= Dystrophin-associated protein complex =

The dystrophin-associated protein complex, also known as the dystrophin-associated glycoprotein complex, is a multiprotein complex that includes dystrophin and the dystrophin-associated proteins. It is one of the two protein complexes that make up the costamere in striated muscle cells. The other complex is the integrin-vinculin-talin complex.

== Structure ==
The dystrophin-associated protein complex includes dystrophin. Dystrophin binds to actin of the cytoskeleton, and also to proteins in the extracellular matrix.

The dystrophin-associated protein complex also contains dystrophin-associated proteins. This includes a four subunit sarcoglycan complex, which is fixed to dystrophin in muscle cells.

In the epithelia of the kidney, dystrophin may be replaced with utrophin.

Aquaporin 4 may be connected to the dystrophin-associated protein complex.

== Function ==
The dystrophin-associated protein complex is important for cell structure and cell signalling. It is one of two protein complexes found in the costamere in striated muscle fibres.

== Clinical significance ==
Many forms of muscular dystrophy are associated with disorders of the dystrophin-associated protein complex.
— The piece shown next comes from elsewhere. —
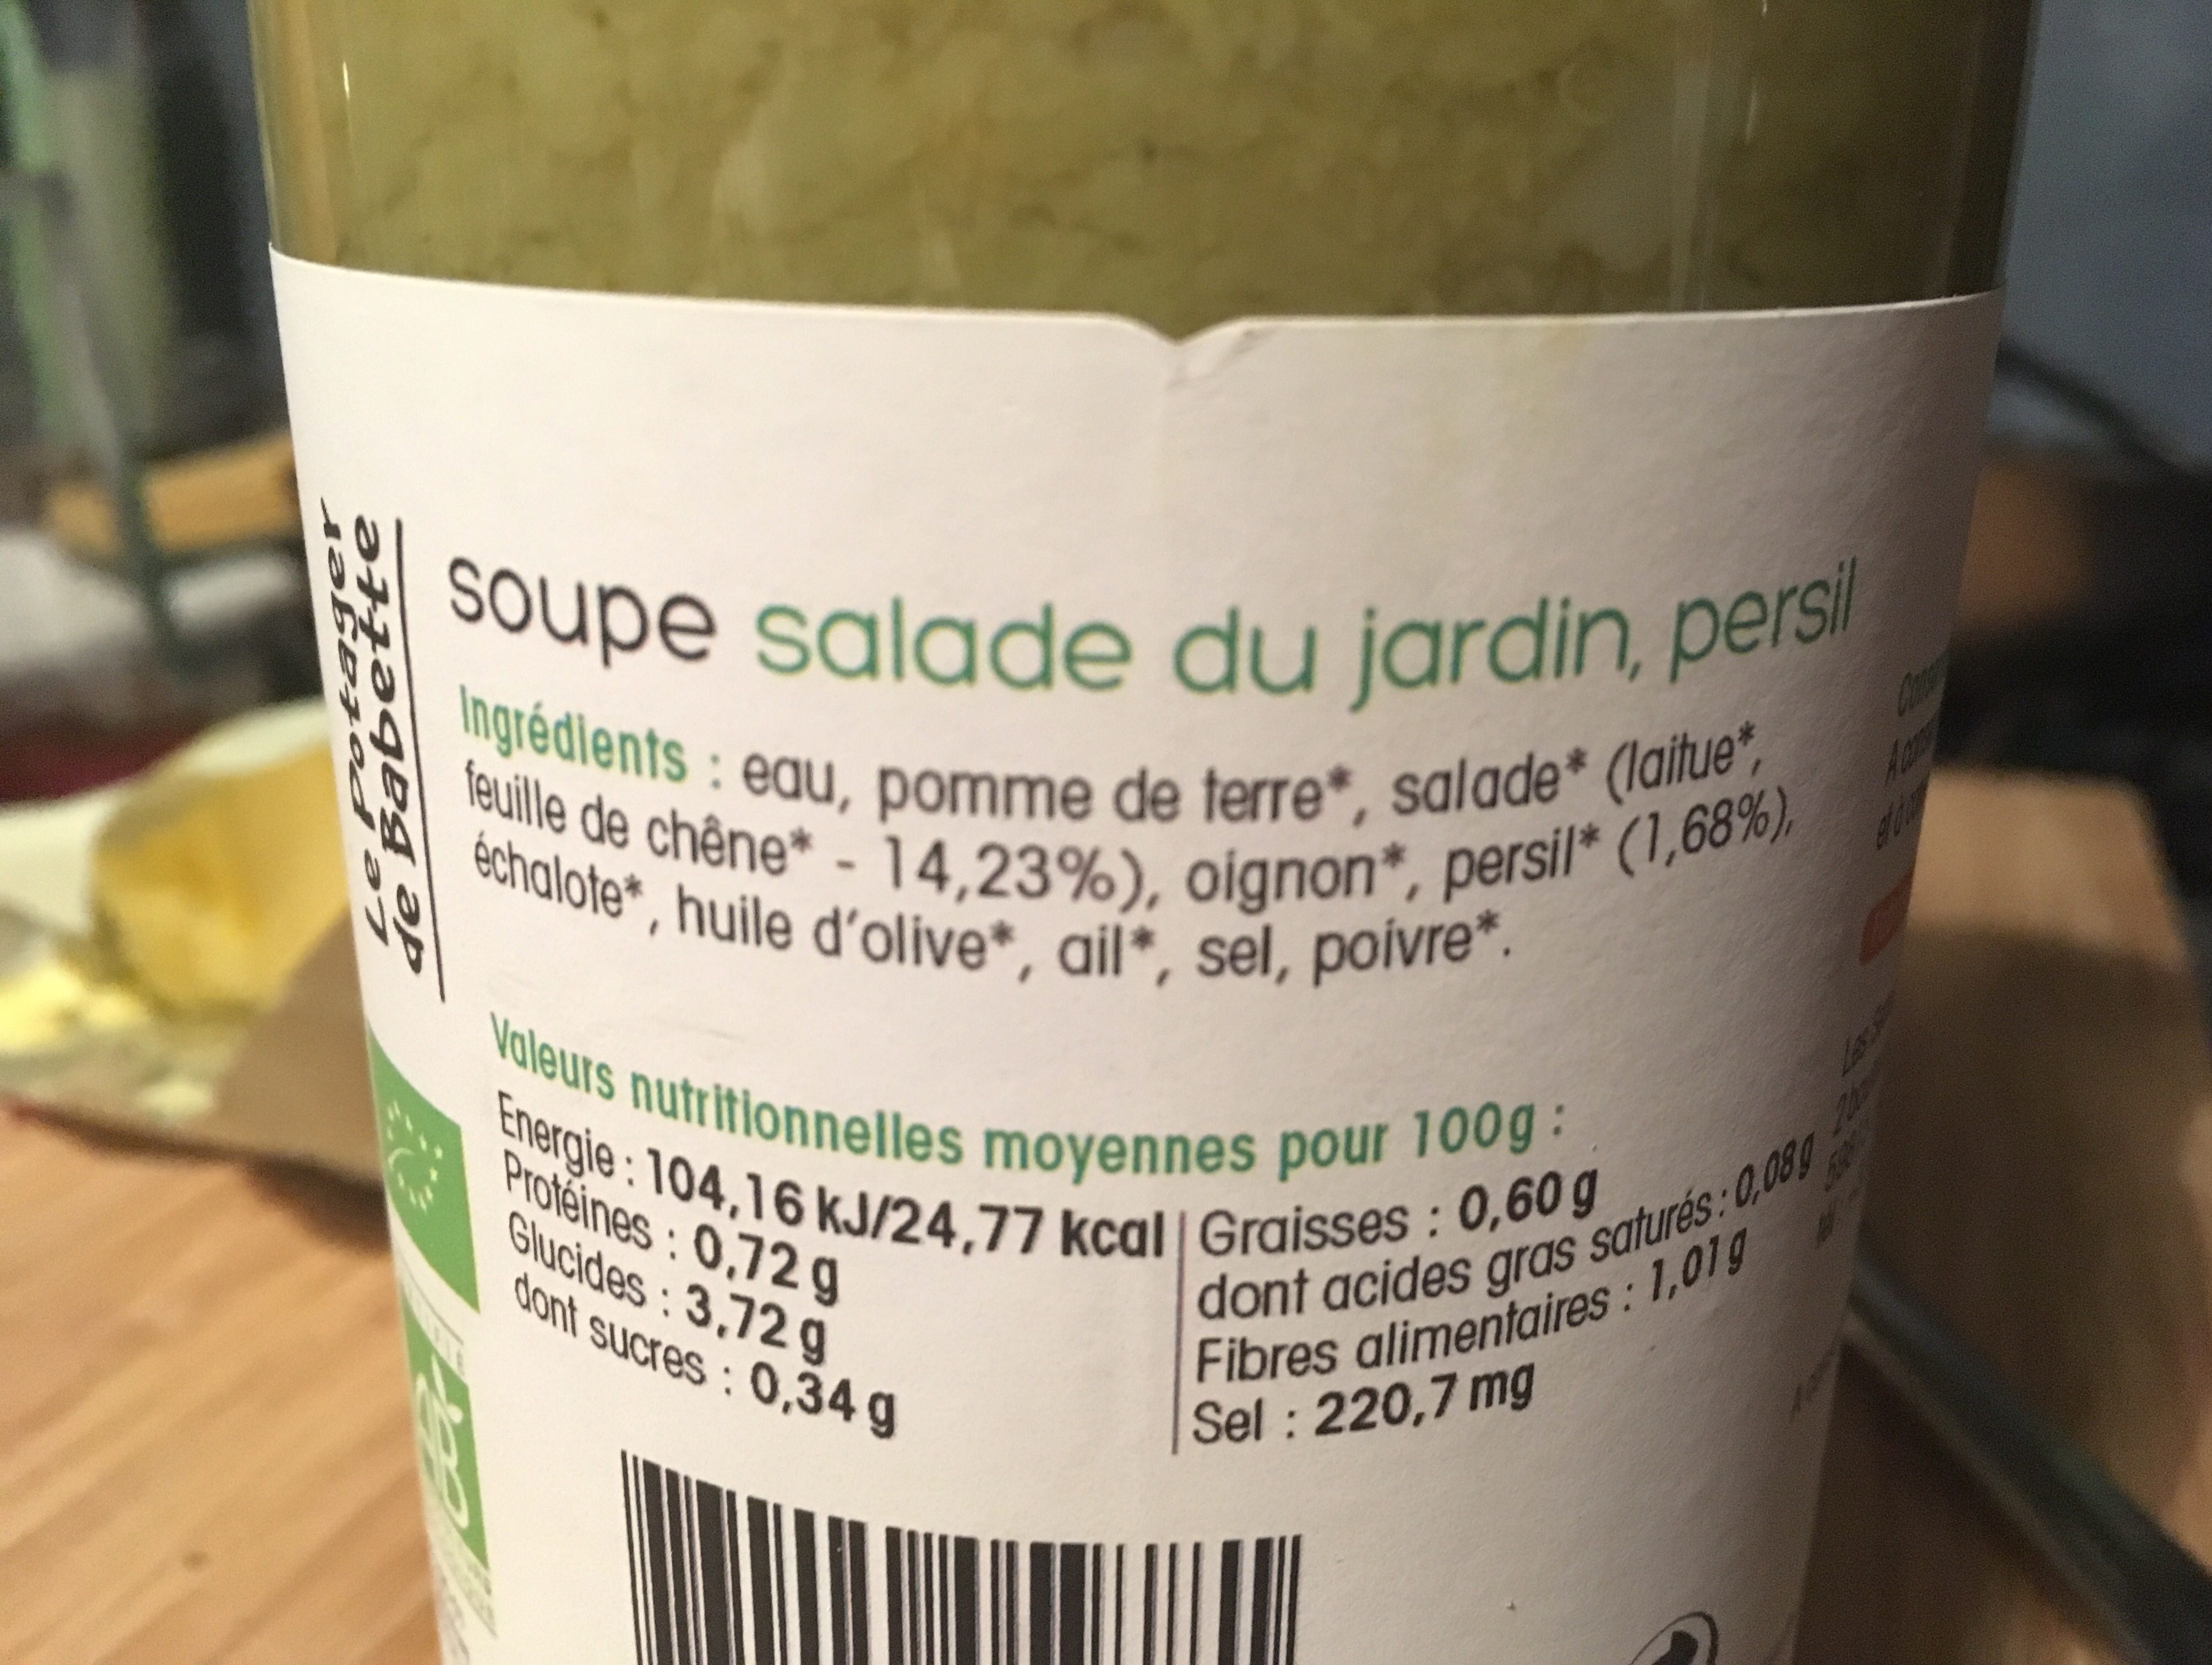 Soupe salade du jardin persil - Ingredienser - fr

Muscular dystrophy, the result of mutations in the genes that encode for dystrophin and the associated proteins that binds to it can arise in various forms. The most common form is known as Duchenne muscular dystrophy (DMD). DMD is usually discovered in early childhood and is most often seen occurring in males. There are several associated symptoms that can be observed in such patients including but not limited to a delay in walking and sitting, difficulty in breathing and heart failure. These symptoms are found as a result of the inability to synthesize dystrophin and associate protein complexes that leave muscles weak and unable to repair any damaged sustained. These perpetually weak muscles prohibit normal physical activity.

===Therapy===
There has been extensive research to discover treatment for DMD. The most common drug treated against DMD is known to be Deflazacort yielding the greatest benefits with the most acceptable side effects. Physical therapy consists of varying exercises that aim to increase muscle strength and durability so to facilitate normal physical activity and is recommended to begin as early as possible after diagnosis. Contracture intervention is recommended for patients in the middle ambulatory stage. However, surgical approach to DMD is declining as less invasive treatment becomes available. While treatment for DMD has been observed to improve muscle function and quality of life, a cure to the debilitating disease remains to be found.

==Therapeutic Microdystrophin==
- Delandistrogene moxeparvovec - Systemic Gene Transfer with rAAVrh74.MHCK7.micro-dystrophin.